* **WHAT YOU ARE ASKED TO DO**
Repeat each line of the data below exactly, but skip the pictures.

* **GIVEN INFORMATION**
============

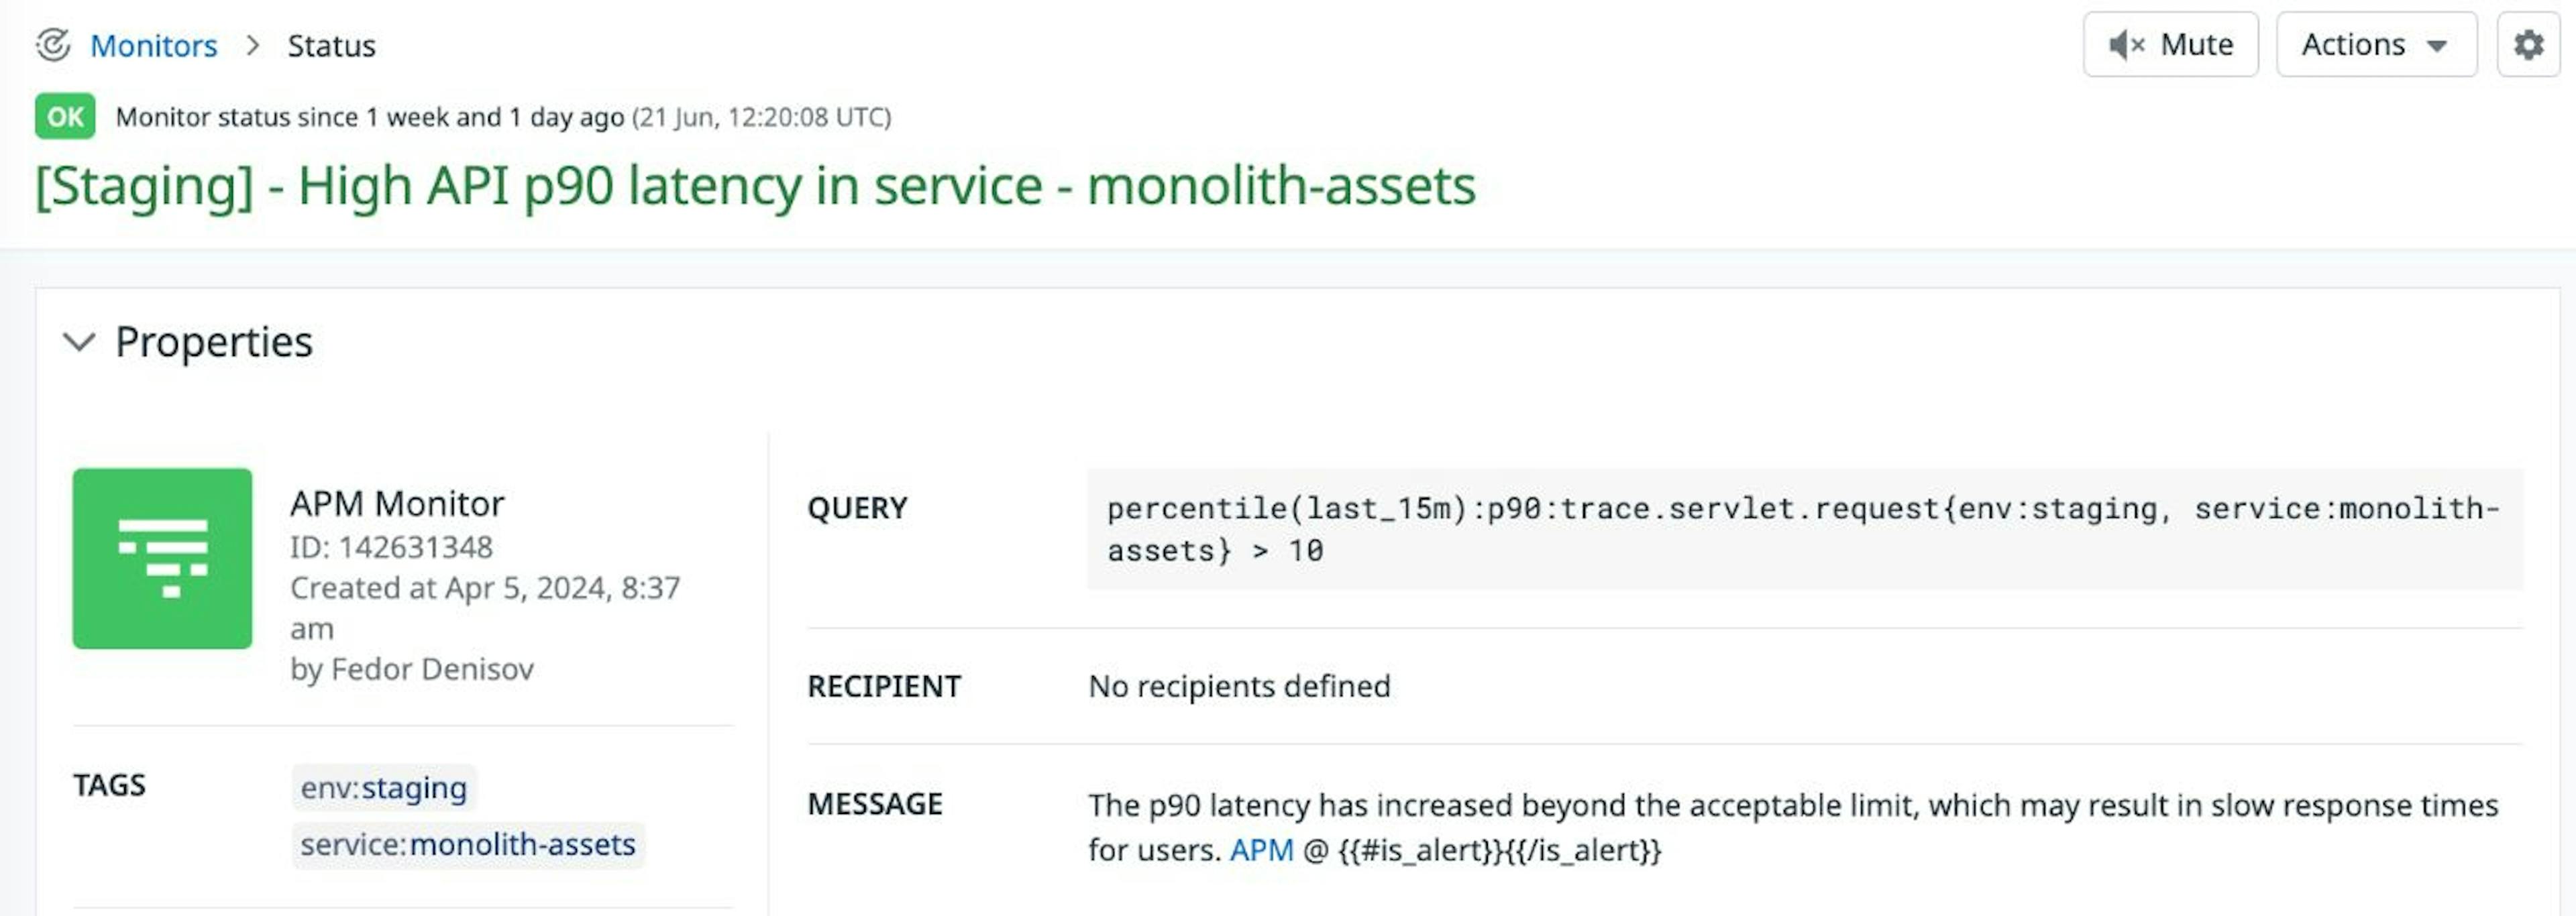 Monitor that uses artificial service 'monolith-assets' in the query
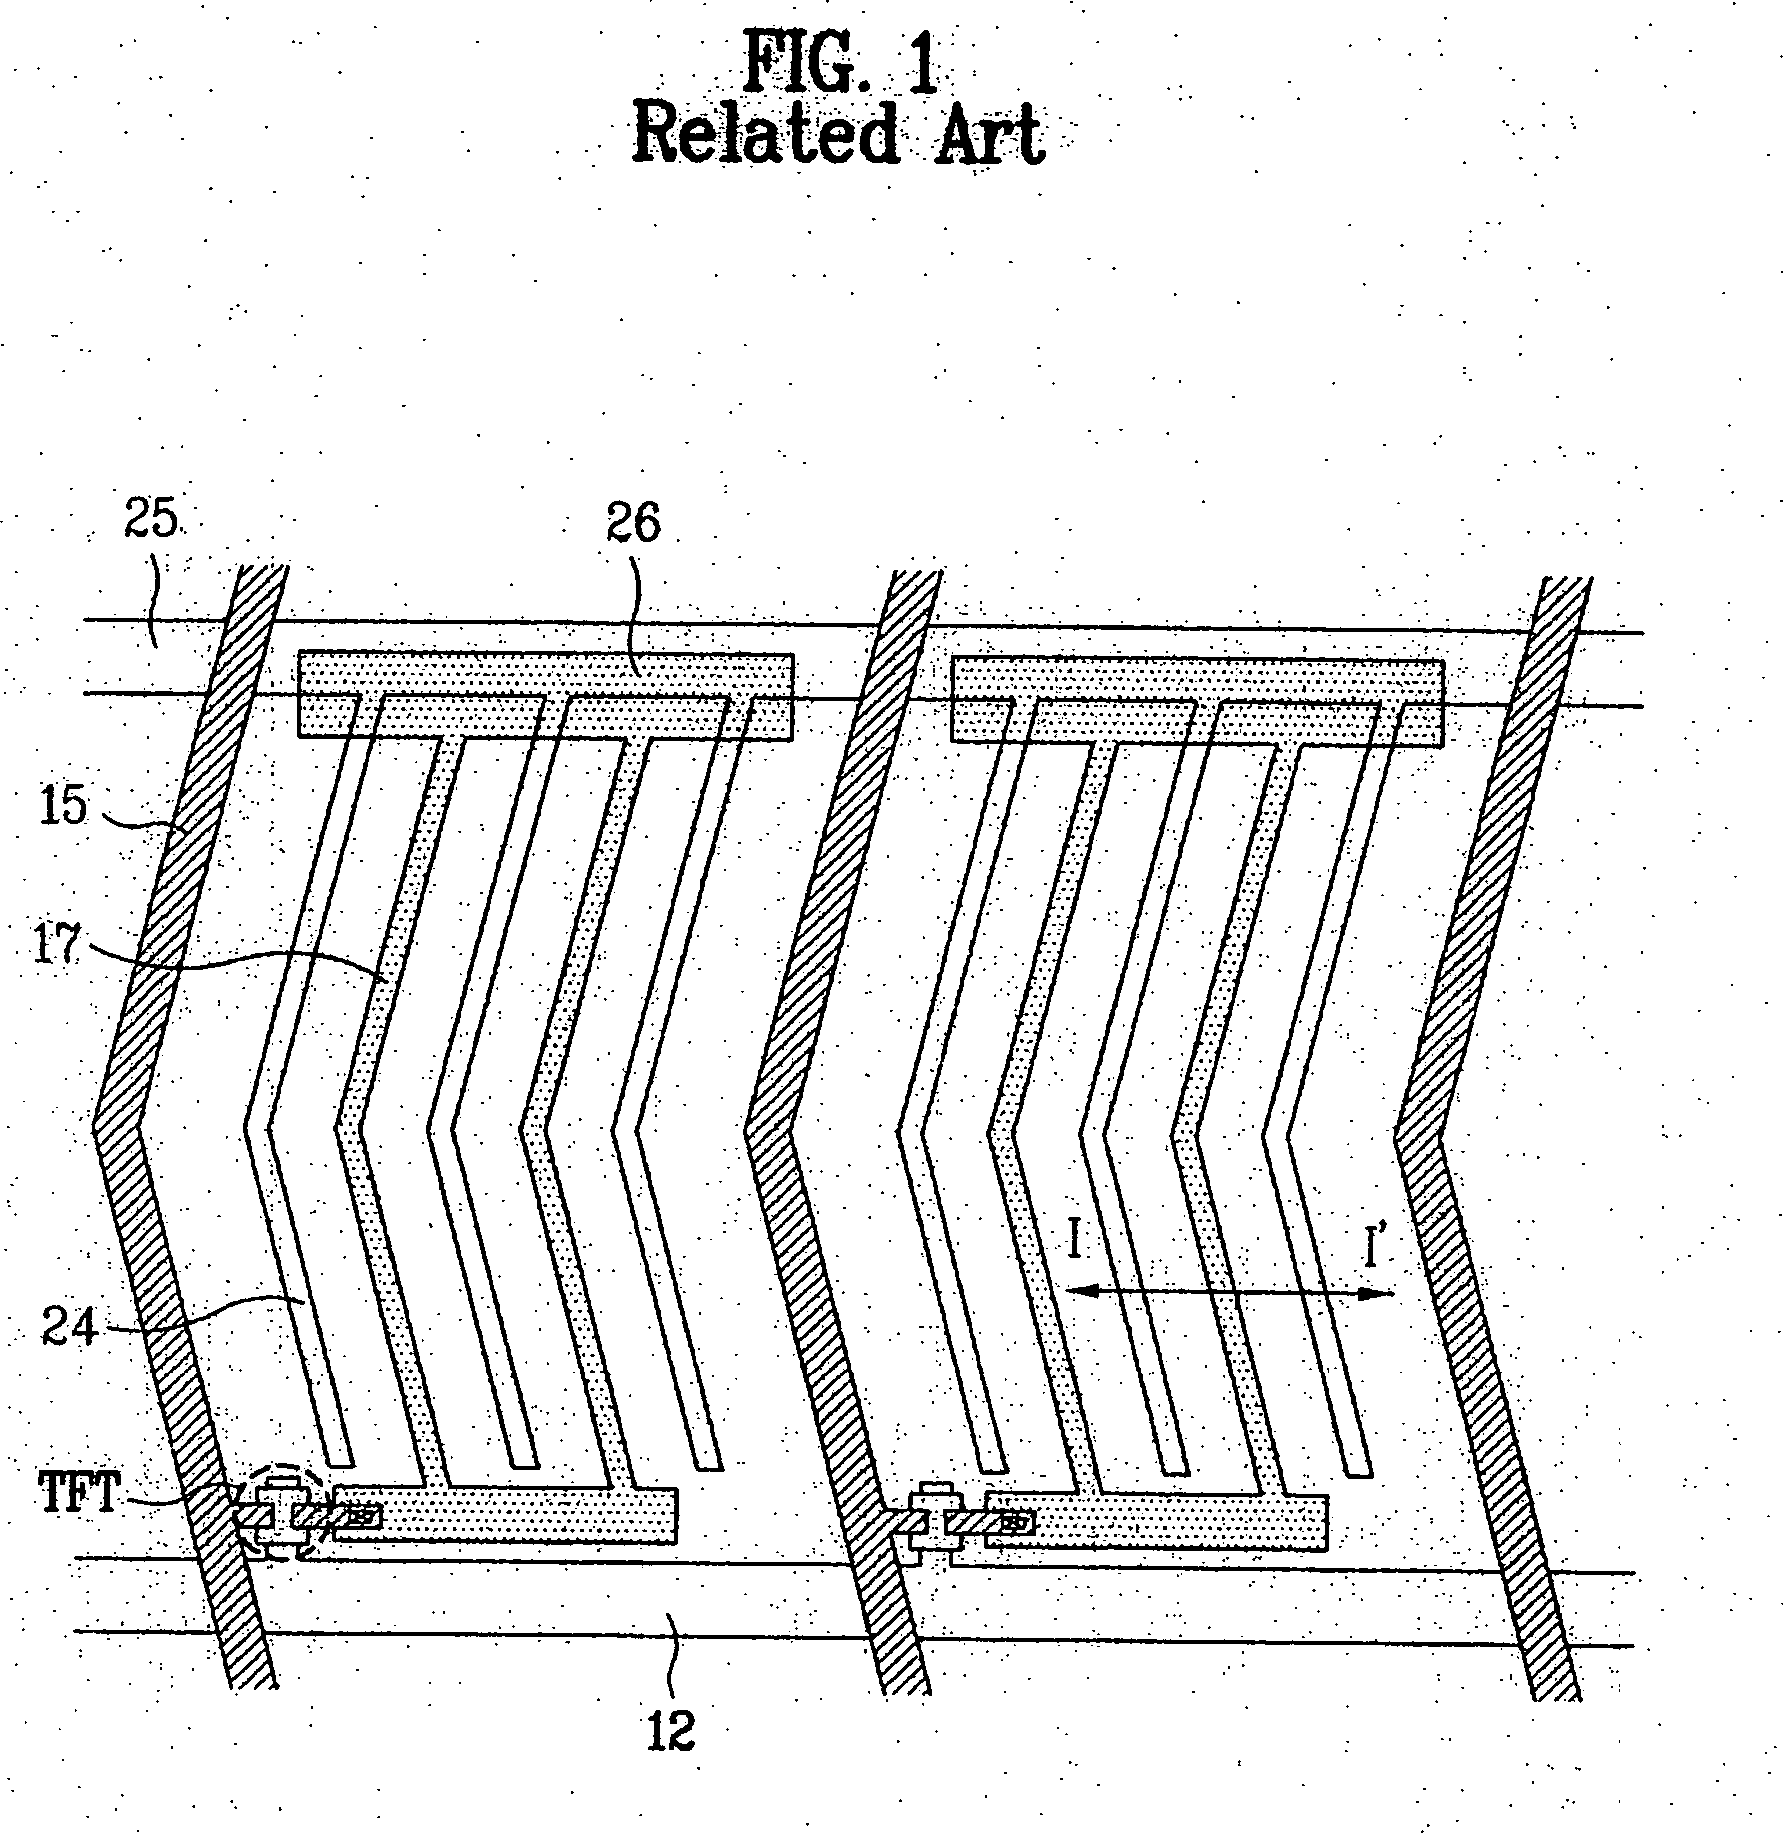 In-plane switching mode liquid crystal display device
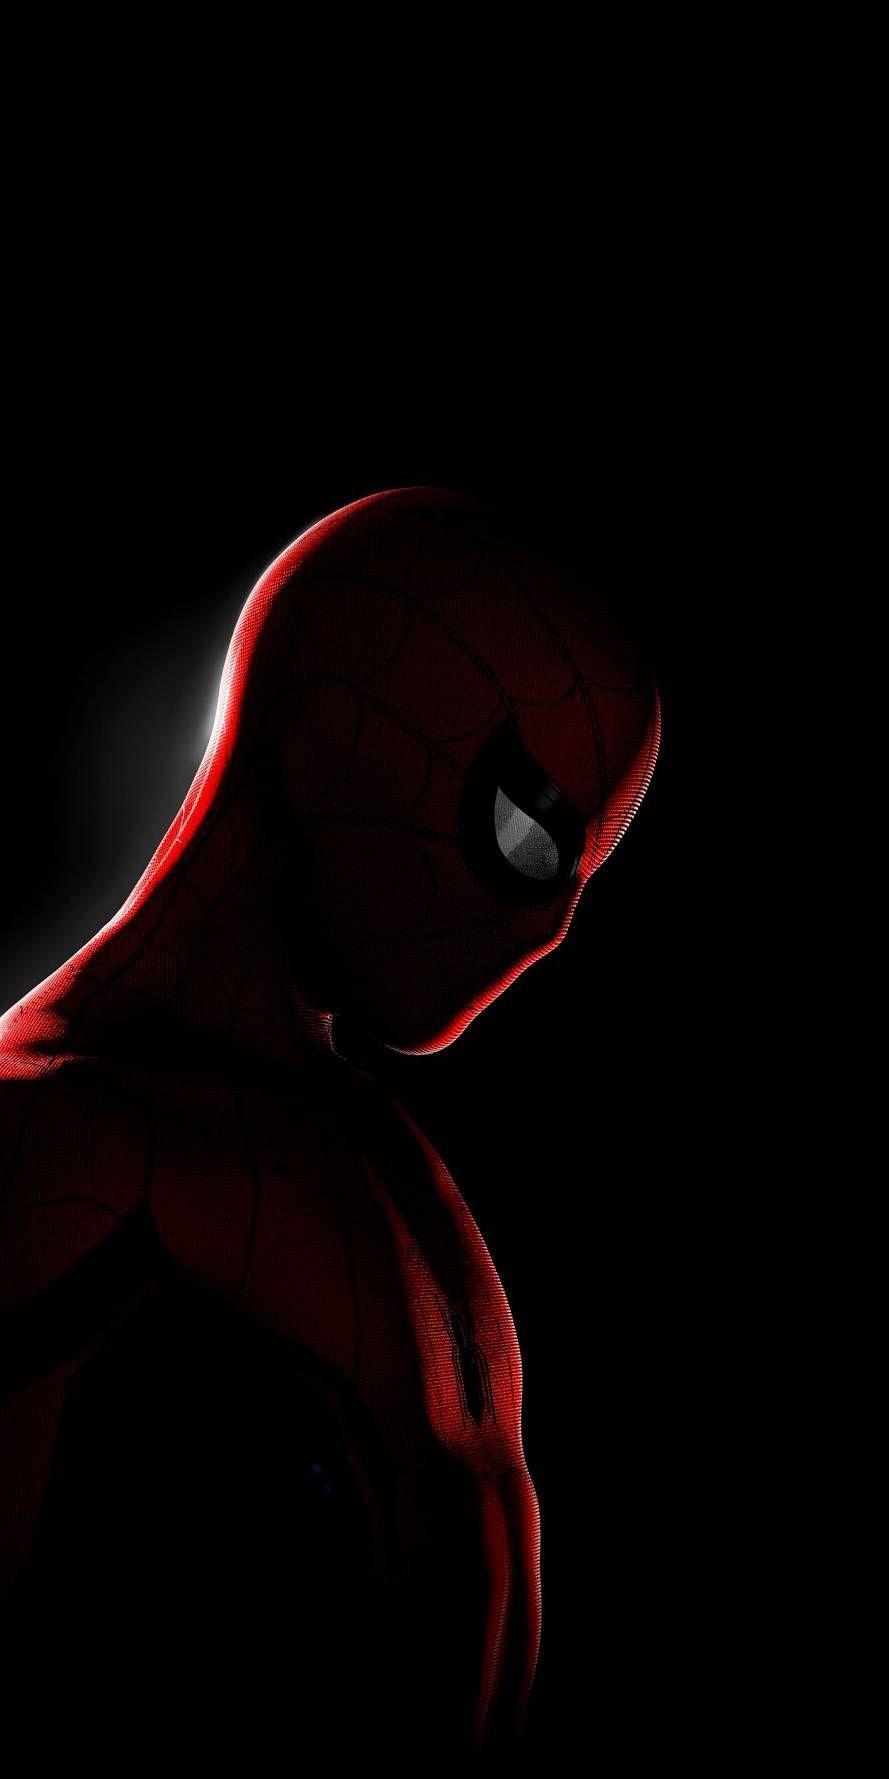 All Spider Man IPhone Wallpaper Free All Spider Man IPhone
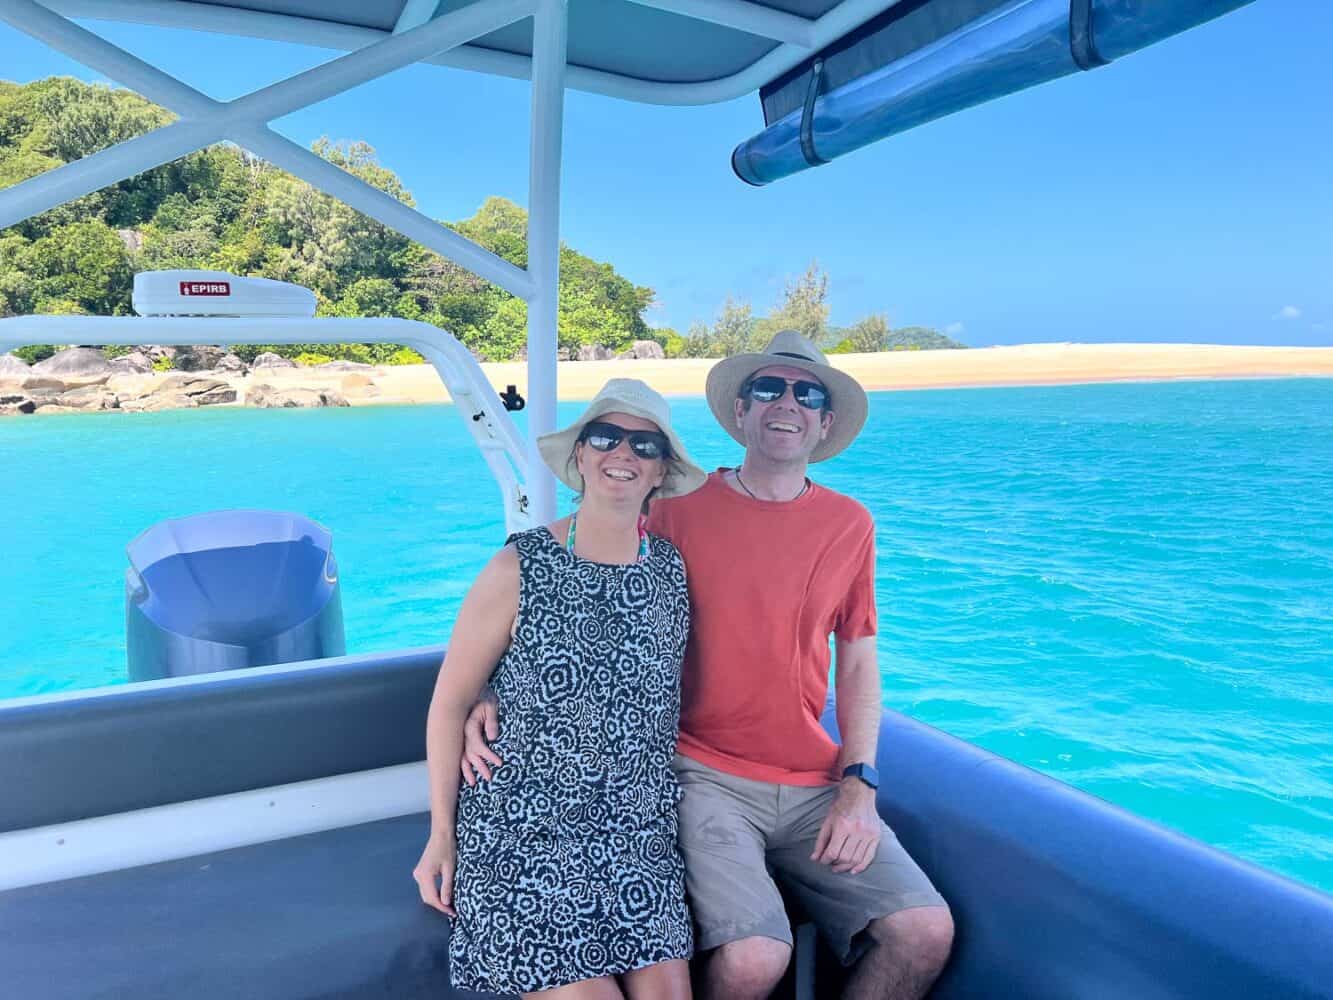 Erin and Simon travelling to Wheeler Island from Bedarra Island Resort by boat, Queensland, Australia

============

* **WRITTEN RESPONSE**
 Monitor that uses artificial service 'monolith-assets' in the query
 In-plane switching mode liquid crystal display device
 All Spider Man IPhone Wallpaper Free All Spider Man IPhone
 Erin and Simon travelling to Wheeler Island from Bedarra Island Resort by boat, Queensland, Australia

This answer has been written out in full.